§ **Exercise prompt**
Word for word, give the data again without its pictures.

§ **Extracted records**

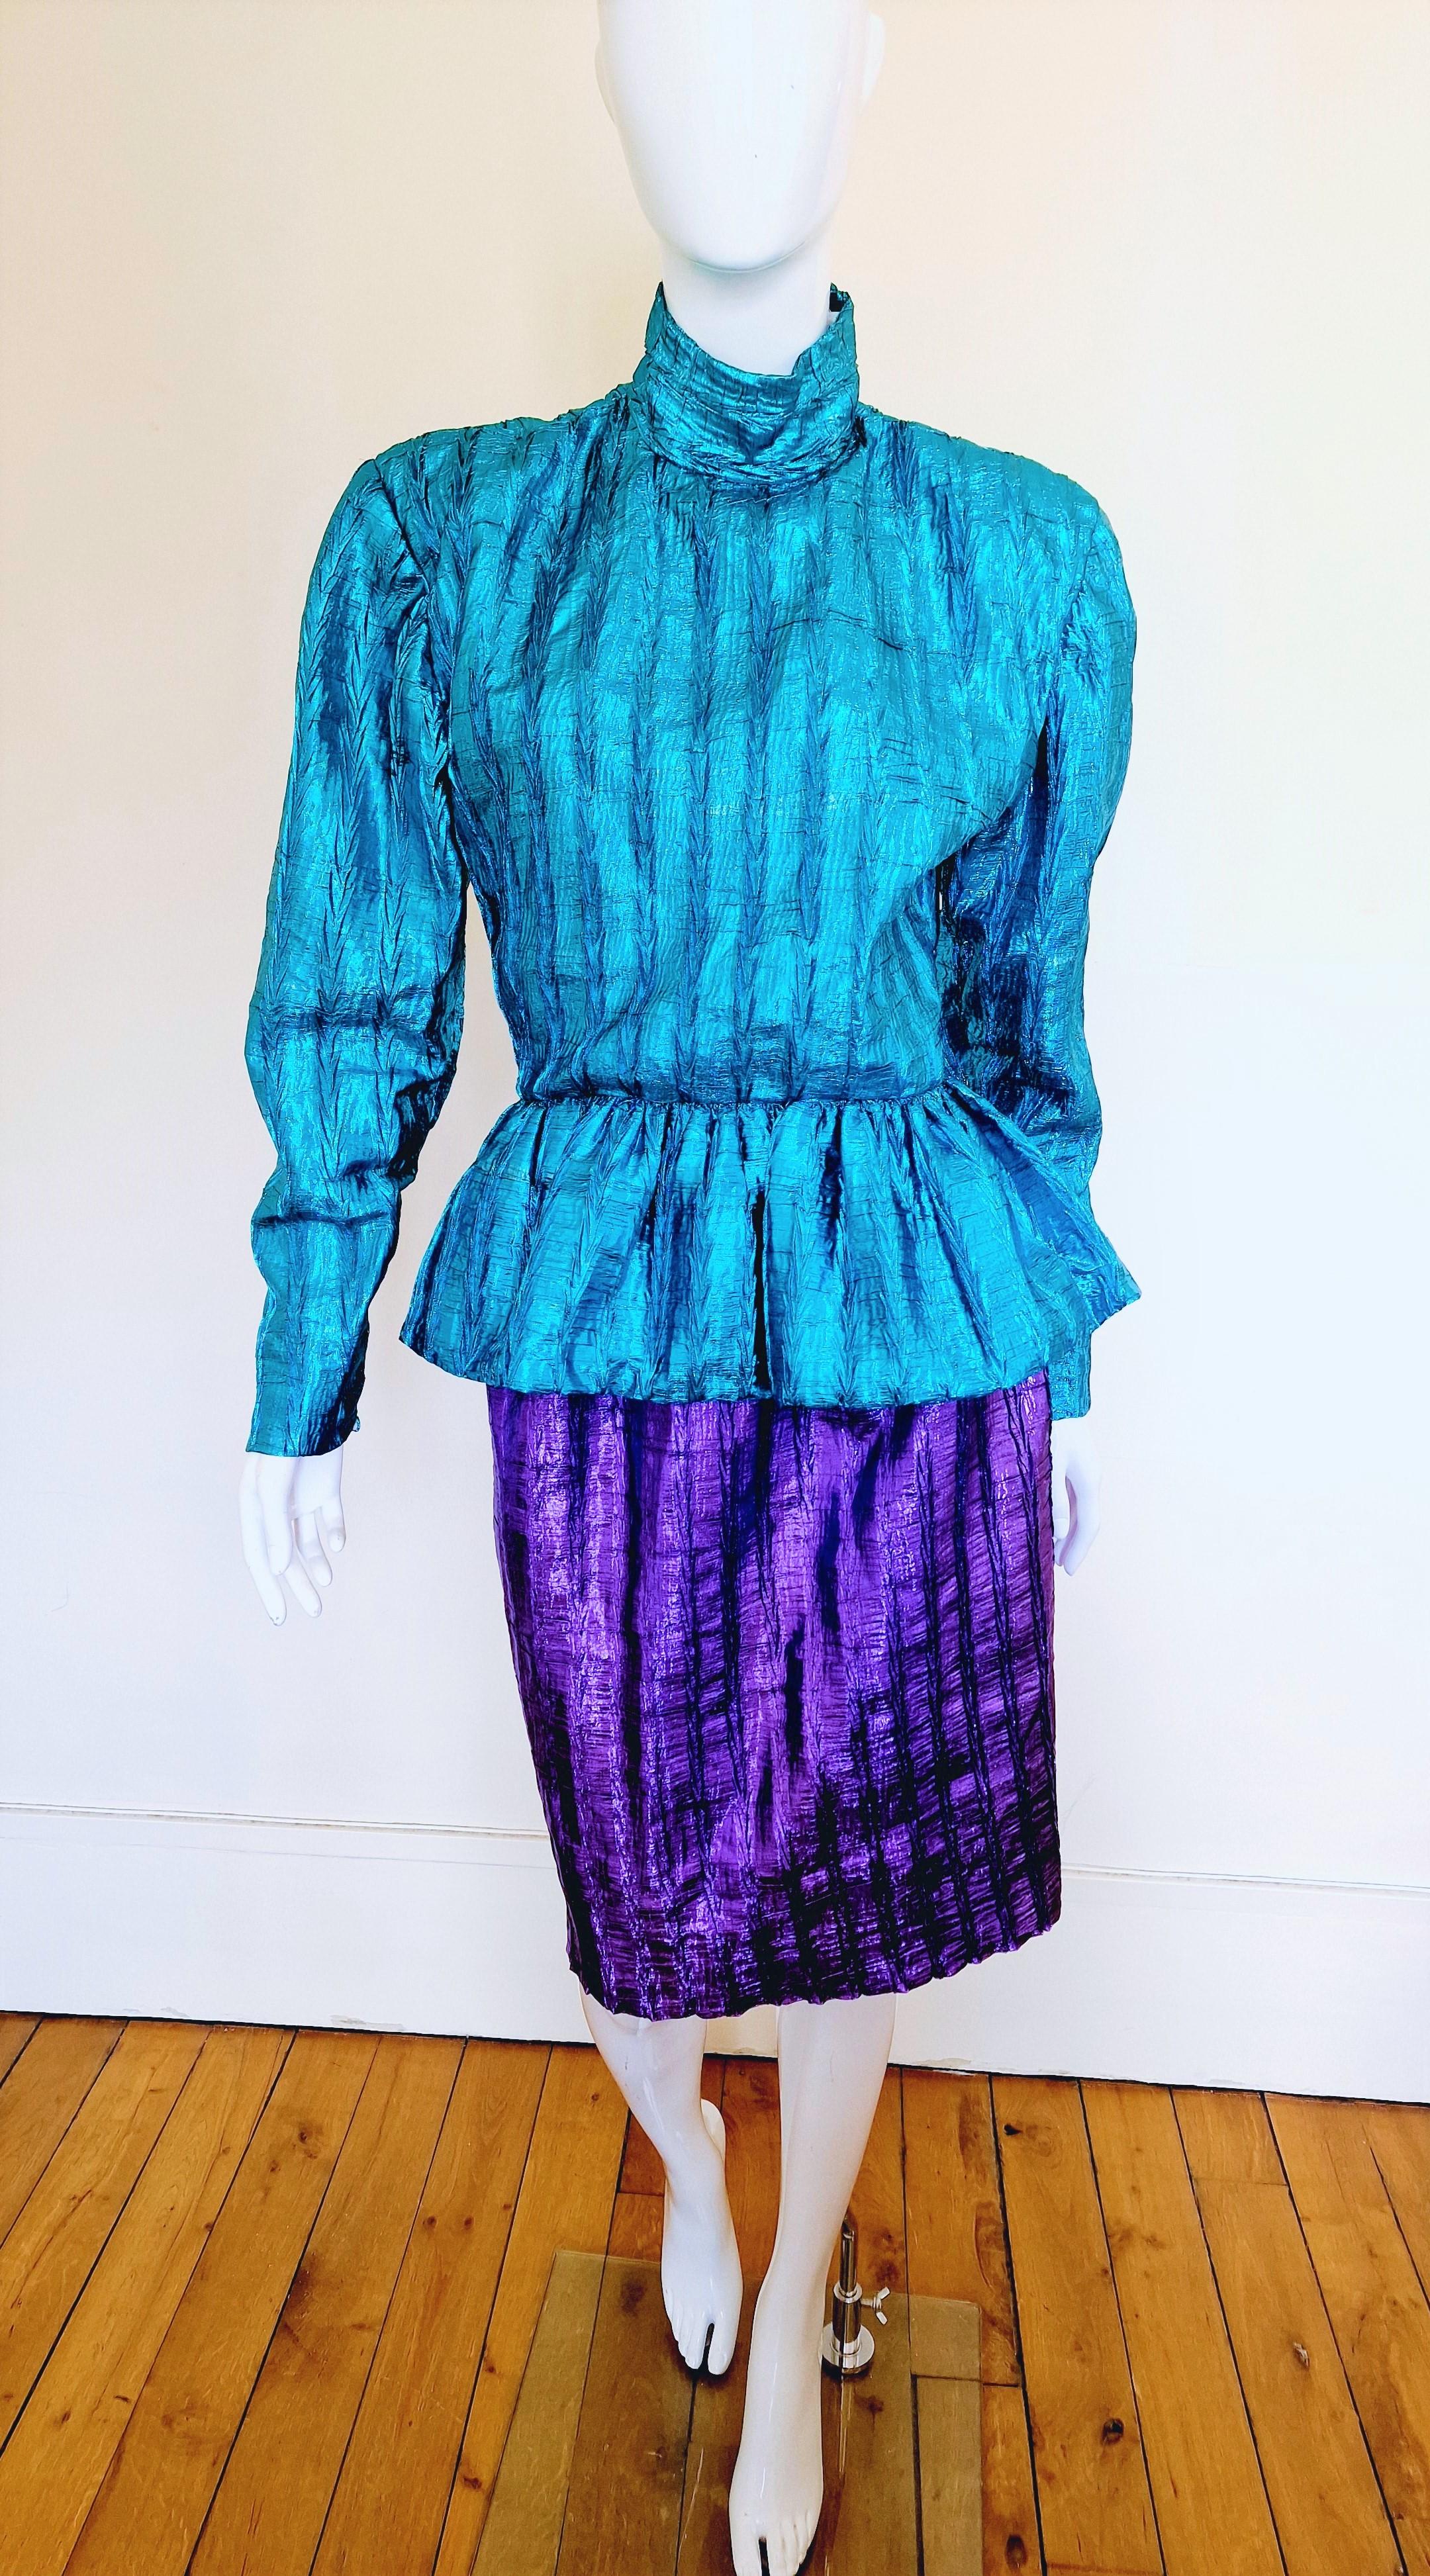 Ensemble Christian Dior des années 70 !
Top + jupe !
Avec des pad.
Des couleurs vives et brillantes !

Très bon état ! Le dessus a des décolorations, veuillez regarder les dernières photos ! Toujours merveilleux !

TAILLE
Convient de petit à
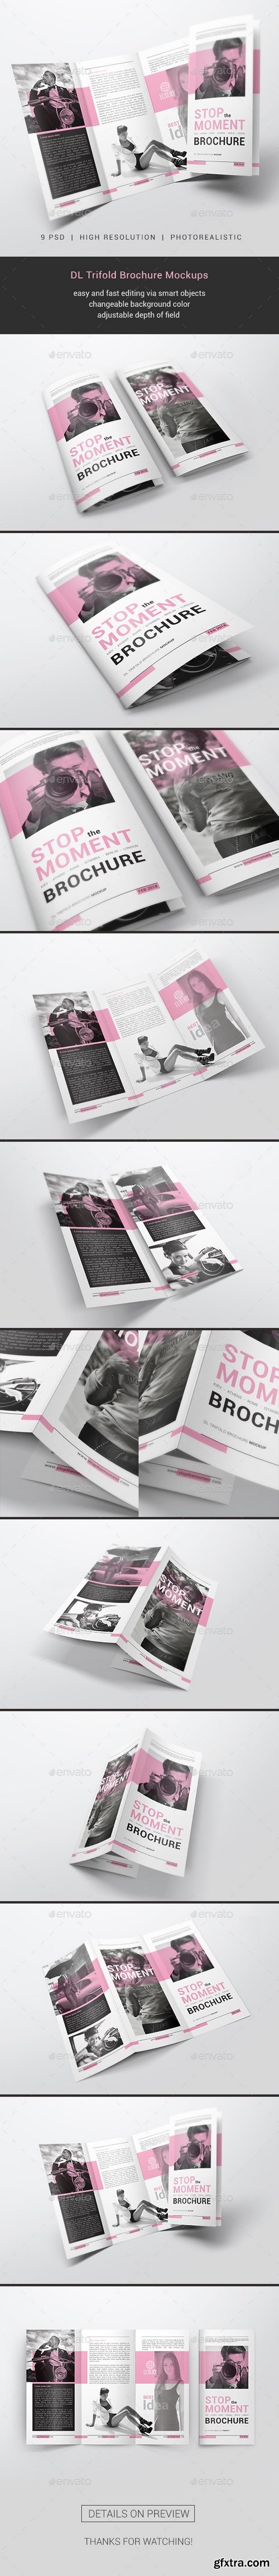 Graphicriver - DL Trifold Brochure Mockups 21289220
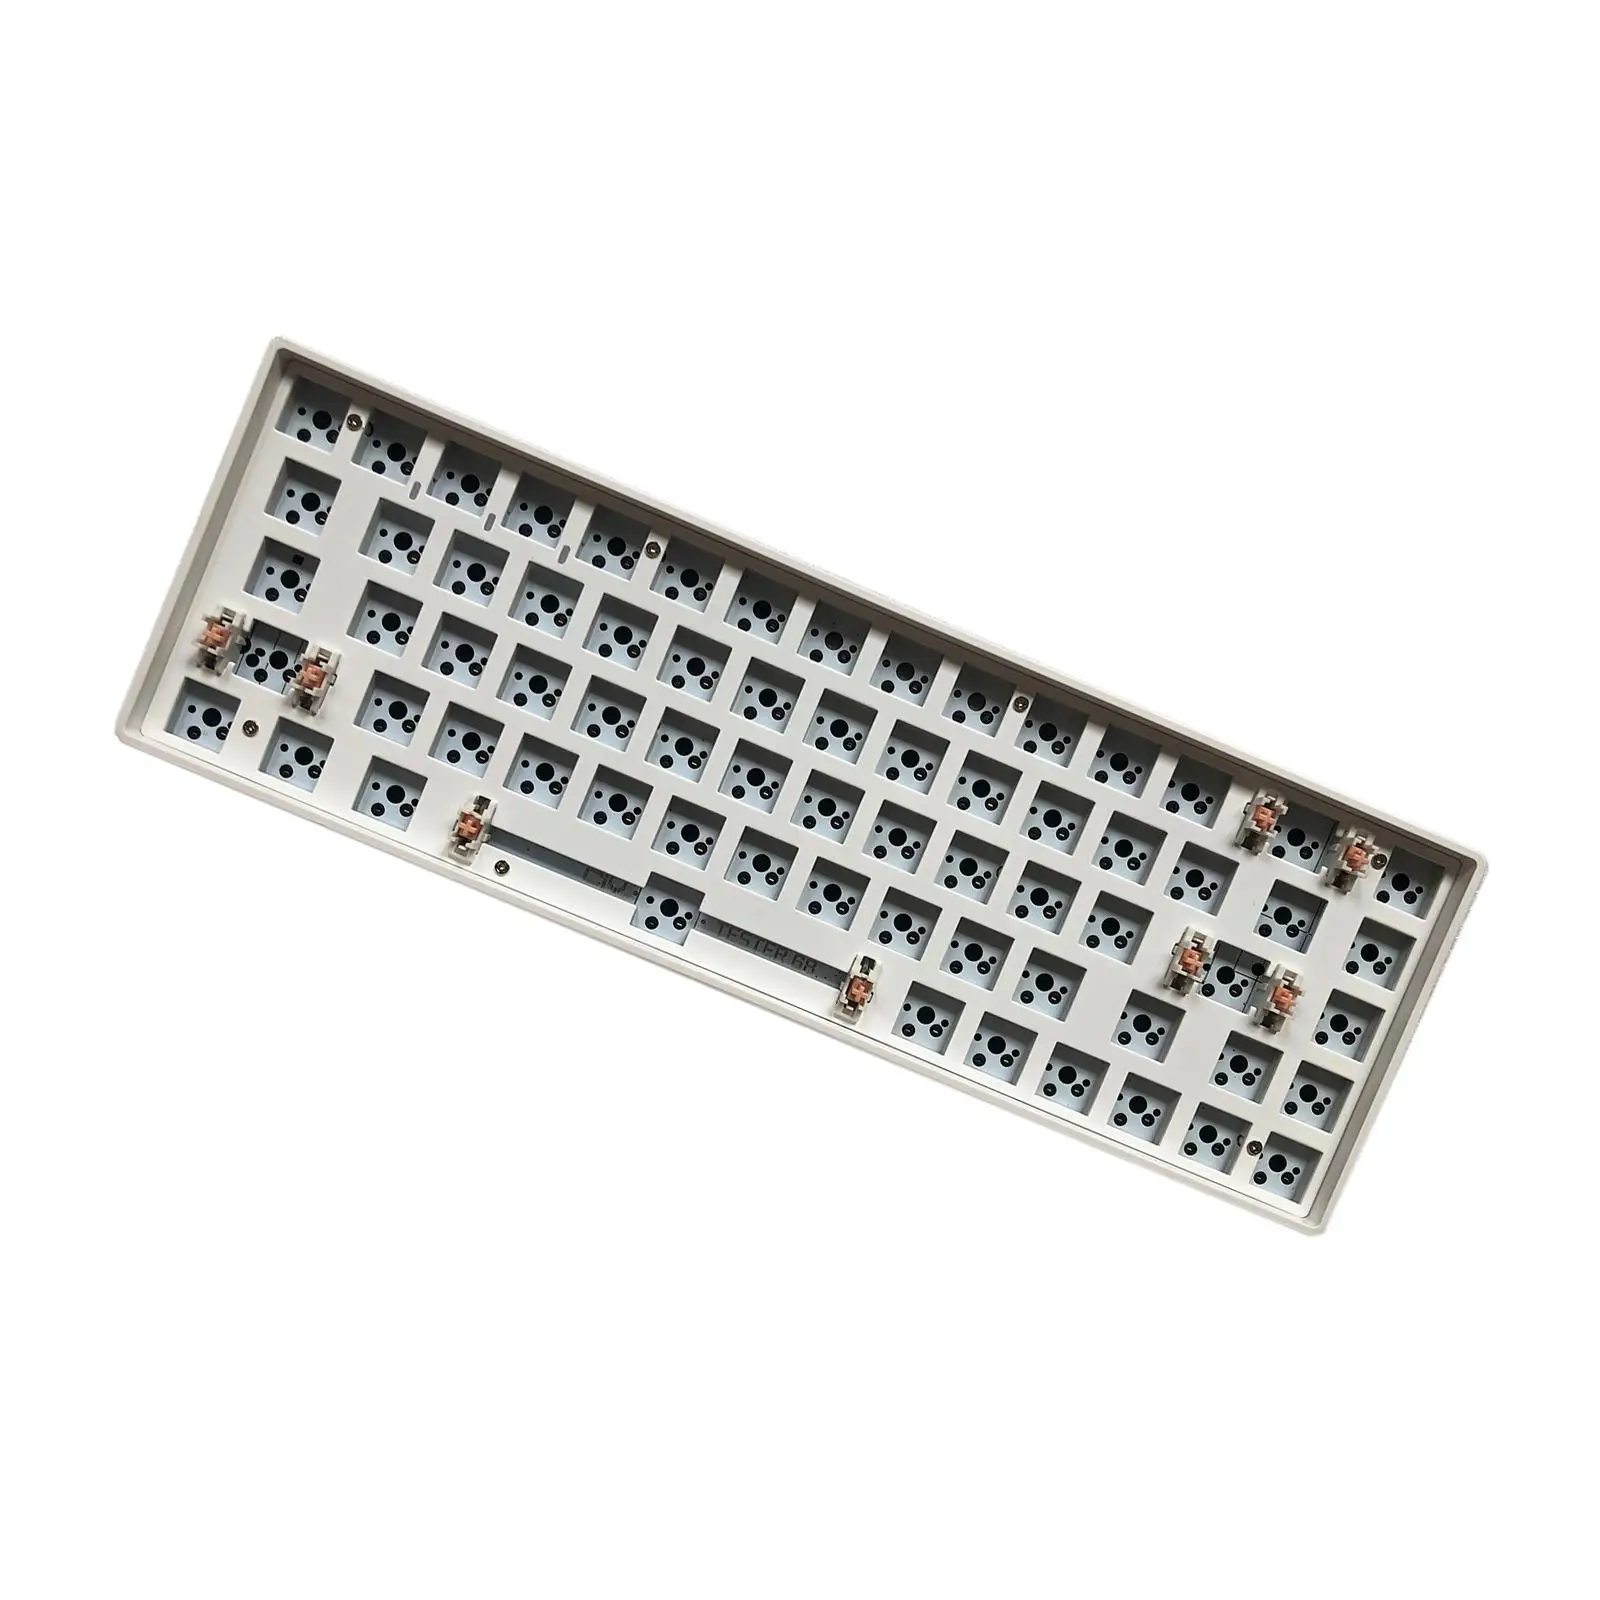 68 Keys Modular Mechanical Keyboard Compact Keyboard White DIY Kit Gaming Hot-Swap Wireless 2.4G Keyboard for Windows Laptop

§ **Answer for this exercise**
 Ensemble Christian Dior des années 70 !
Top + jupe !
Avec des pad.
Des couleurs vives et brillantes !

Très bon état ! Le dessus a des décolorations, veuillez regarder les dernières photos ! Toujours merveilleux !

TAILLE
Convient de petit à
 Graphicriver - DL Trifold Brochure Mockups 21289220
 68 Keys Modular Mechanical Keyboard Compact Keyboard White DIY Kit Gaming Hot-Swap Wireless 2.4G Keyboard for Windows Laptop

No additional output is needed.